5. Use according to claim 4 characterized in that the esters of resin acids are chosen from the group consisting of esters of abietic acid, dihydroabietic acid, tetrahydroabietic acid, dehydroabietic acid, neoabietic acid , pimaric acid, levopimaric acid and parastrinic acid.

6. Use according to one of claims 1 to 5 characterized in that the esters and amides of formula (II) are obtained by reaction of an alcohol, amino, and / or alkanolamine compound on a carboxylic acid such as oleic acid or also methyl oleate.

7. Use according to claims 6 characterized in that the alcohols are chosen from alkanols from the group consisting of methanol, ethanol, propanol, isopropanol, butanol, isobutanol, pentanol or ethyl 2 hexanol, and / or the oxyalkylated alcohols of formula R (0-CH ₂ -CHR ') _n -OH in which R is an alkyl group of 1 to 6 carbon atoms, R' is hydrogen or an alkyl group of 1 to 4 carbon atoms and n an integer varying from 1 to 5 such as methylcellosolve, butylcellosolve, butyldiglycol and 1-butoxypropanol.

8. Use according to claim 6 characterized in that the amines are primary and secondary amines chosen from the group consisting of methylamine, ethylamine, propylamine, butylamine, isobutylamine, ethyl-2- hexylamine, decylamine, dodecylamine, stearylamine and oleylamine, N, N-diethylamine, N, N-dipropylamine, N, N-dibutylamine, N, N-di (ethyl -2) hexylamine, N-methyldecylamine, N-methyldodecylamine, N-methyloleylamine.

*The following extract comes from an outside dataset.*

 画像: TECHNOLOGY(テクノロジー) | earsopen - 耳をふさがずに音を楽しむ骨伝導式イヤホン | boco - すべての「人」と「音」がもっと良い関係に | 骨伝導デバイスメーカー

9. Use according to claim 6 characterized in that the alkanolamines are chosen from amines comprising from 1 to 18 carbon atoms substituted by at least one hydroxyl, -hydroxymethylated, hydroxyethylated or hydroxypropylated group such as ethanolamine, diethanolamine, triethanolamine, isopropanolamine, diiosopropanolamine, triisopropanolamine, N-methylethanolamine, tris- (hydroxymethyl) -aminomethane, (N-hydroxyethyl) -methylimidazoline, (N-hydroxyethyl) - heptadecenylimidazoline.

10. Fuel for a terrestrial engine with low sulfur content containing from 25 to 2500 ppm and preferably from 100 to 1000 ppm by weight of at least one additive as used in one of claims 1 to 9, the so-called additive being introduced into a diesel fuel defined by standard ASTM D-975.